Tuesday, April 10, 2018

INGENIERIA DEL PÚBLICO: GRANDES DATOS, VIGILANCIA Y POLITICA COMPUTACIONAL

Engineering the public: Big data, surveillance and computational politics



Digital technologies have given rise to a new combination of big data
and computational practices which allow for massive, latent data
collection and sophisticated computational modeling, increasing the
capacity of those with resources and access to use these tools to carry
out highly effective, opaque and unaccountable campaigns of persuasion
and social engineering in political, civic and commercial spheres. I
examine six intertwined dynamics that pertain to the rise of
computational politics: the rise of big data, the shift away from
demographics to individualized targeting, the opacity and power of
computational modeling, the use of persuasive behavioral science,
digital media enabling dynamic real-time experimentation, and the growth
of new power brokers who own the data or social media environments.

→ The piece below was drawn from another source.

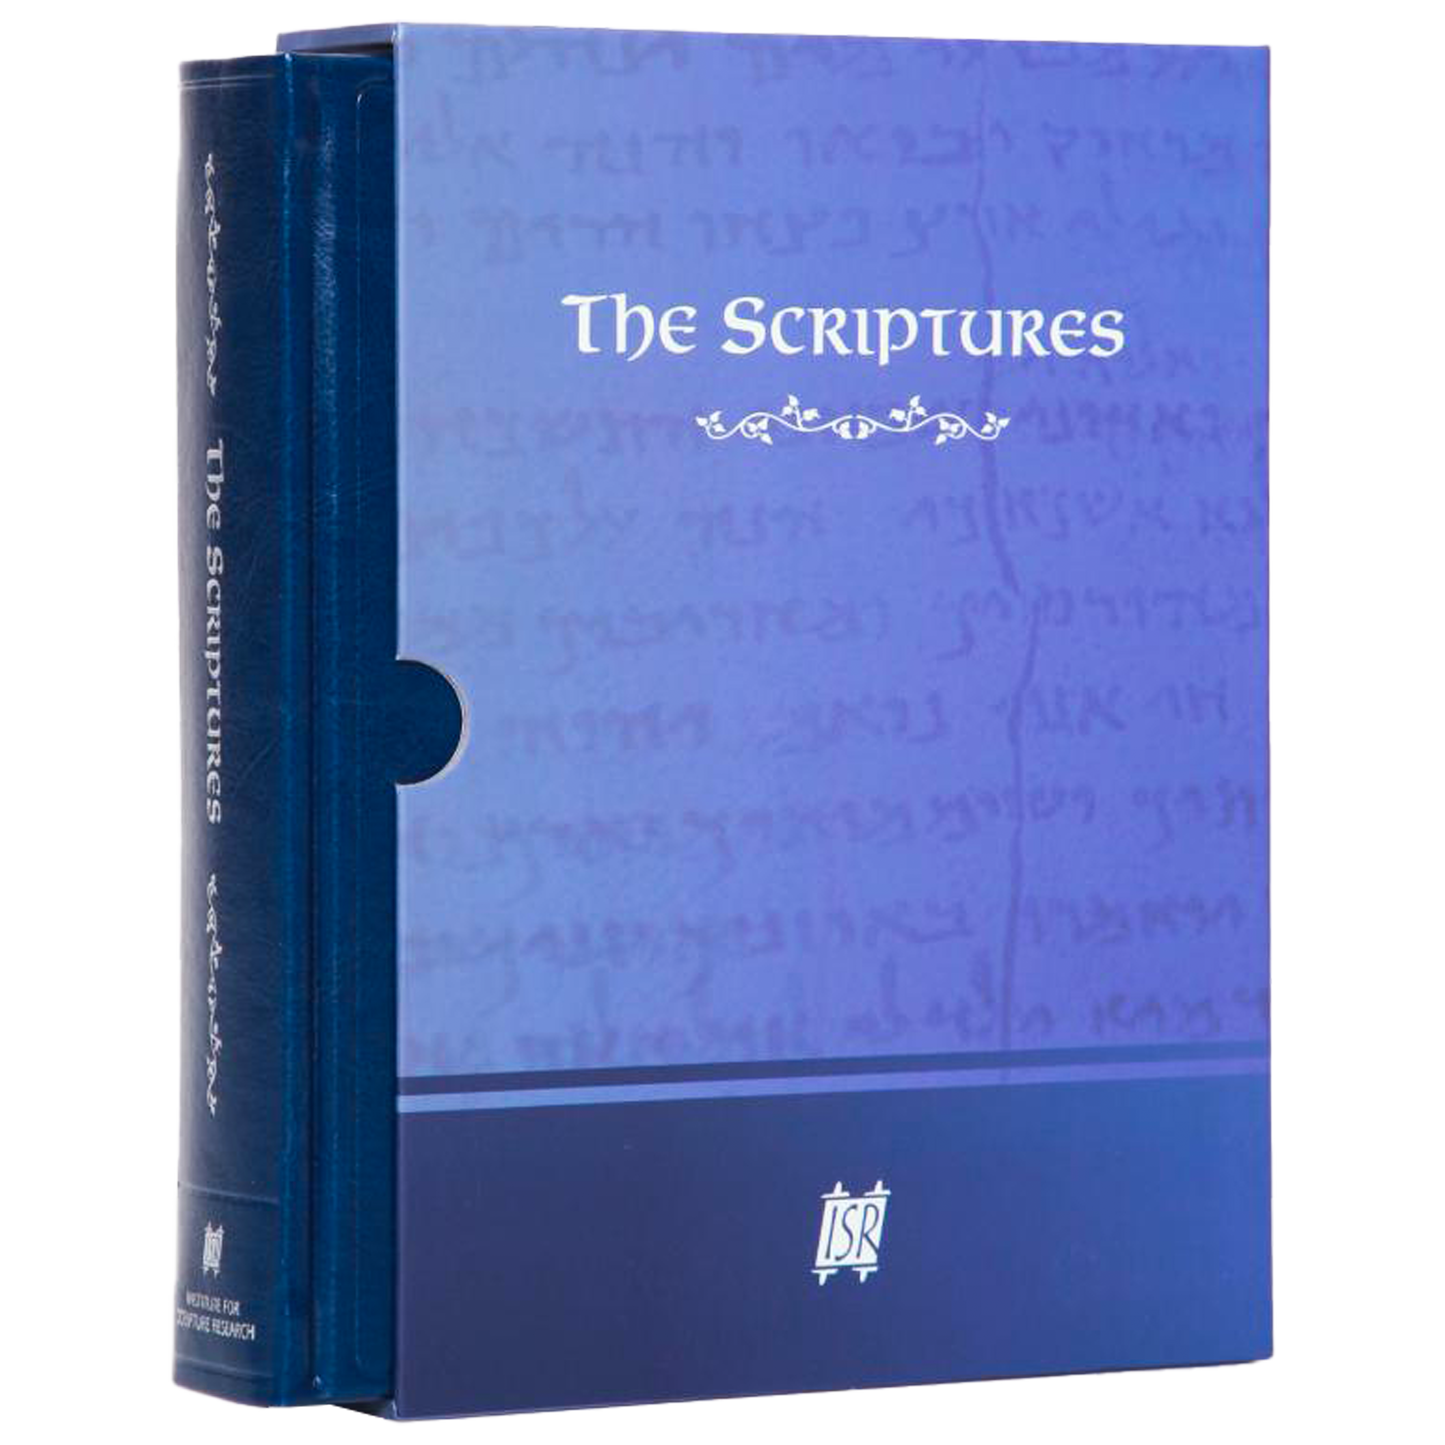 The Scriptures Hard Cover Bible with Thumb Indexing

I
then examine the consequences of these new mechanisms on the public
sphere and political campaigns.



On the surface, this century has ushered in new digital technologies
that brought about new opportunities for participation and collective
action by citizens. Social movements around the world, ranging from the
Arab uprisings to the Occupy movement in the United States (Gitlin,
2012), have made use of these new technologies to organize dissent
against existing local, national and global power [11].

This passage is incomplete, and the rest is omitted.